Wednesday, January 04, 2012

Books not to be read on an e-reader...

If you don't have an e-reader, or have one and are now wondering why you'd ever buy another physical book, I'm here to share some titles that are best read book in hand, not in Kindle or Nook or iPad.

Hot Guys and Baby Animals by Audrey Khuner and Carolyn Newman
This is a small book that is all photographs of - you guessed it - hot guys with baby animals. Every page is "awww" inspiring and is best viewed on the beautiful, high quality paper contained in this book. Nook Color or Kindle Fire perhaps, but I still prefer pictures on paper.

My Last Supper: The Next Course: 50 More Great Chefs and Their Final Meals: Portraits, Interviews, and Recipes by Melanie Dunea

This is a coffee table book and a really good conversation starter. Lots of famous chefs, some not so famous, and at least one who is not even a chef but rather a celebrity cook named Rachael Ray (and she is the first to admit that she is not a chef so please don't send me hate mail!) They all get a page for a great and often unique photograph, and another to talk about what they'd like for their last meal, where they want to have it, who they'd want to share it with and most interesting to me, who they'd like to prepare it. My non-scientific guess after perusing this book is that at least 85% of these chefs want to cook their own last meal. I think Bobby Flay put it best: "The one thing about my last supper is, I'm cooking it. I like cooking even more than I like eating." The layout makes it a really great book to just pick up and open to any page. This is actually a sequel to the 2007 My Last Supper: 50 Great Chefs and Their Final Meals / Portraits, Interviews, and Recipes by Melanie Dunea.

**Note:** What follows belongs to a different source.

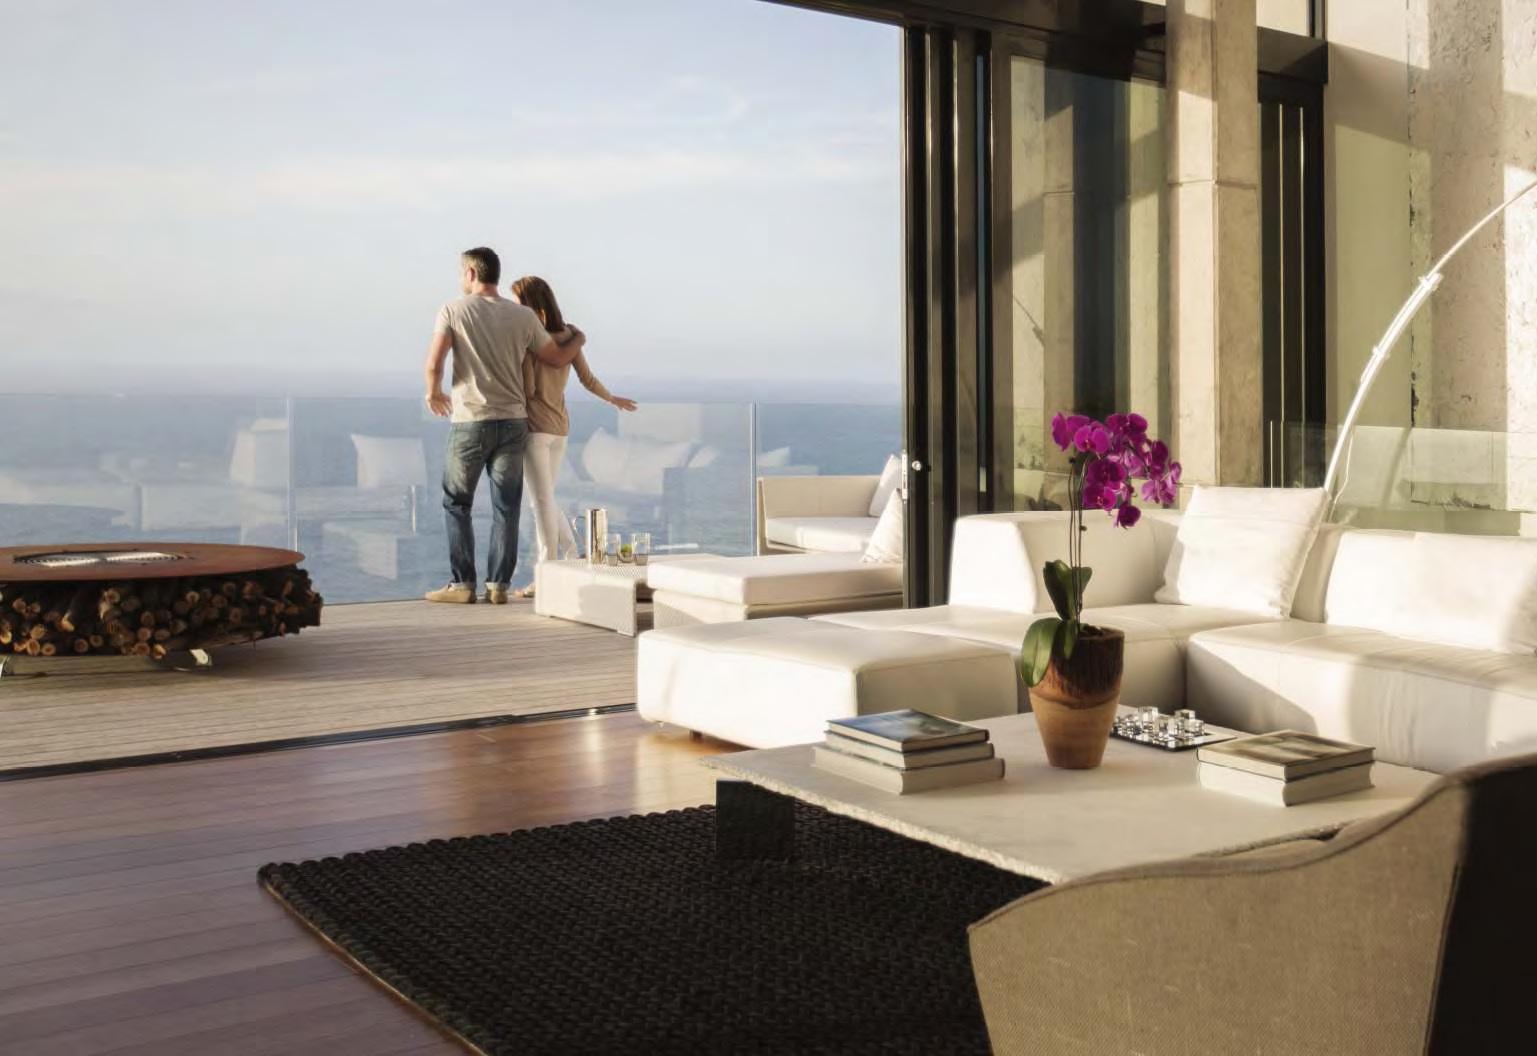 sai mahima lake view apartment interiors7

The Thorn and the Blossom: A Two-Sided Love Story by Theodora Goss

One enchanting romance. Two lovers keeping secrets. And a uniquely crafted book that binds their stories forever.

When Evelyn Morgan walked into the village bookstore, she didn’t know she would meet the love of her life. When Brendan Thorne handed her a medieval romance, he didn’t know it would change the course of his future. It was almost as if they were the cursed lovers in the old book itself . . .

The Thorn and the Blossom is a remarkable literary artifact: You can open the book in either direction to decide whether you’ll first read Brendan’s, or Evelyn’s account of the mysterious love affair. Choose a side, read it like a regular novel—and when you get to the end, you’ll find yourself at a whole new beginning.
See this short video to see how the book works.

The Scrapbook of Frankie Pratt: A Novel in Pictures by Caroline Preston

When Frankie Pratt graduates from high school, she gets her father's old Corona typewriter and starts keeping this scrapbook, a charming, epistolary novel about a young woman coming of age in the 1920's. Using vintage memorabilia including postcards, magazine ads, candy wrappers, menus and such, we follow Frankie from Vassar to Paris and back home again. It's a fast read since there isn't a whole lot of text, but nonetheless this is a rich, multilayered story that illuminates a brief period of American history from a distinctly feminine point of view. The memorabilia is just fascinating and really propels the story.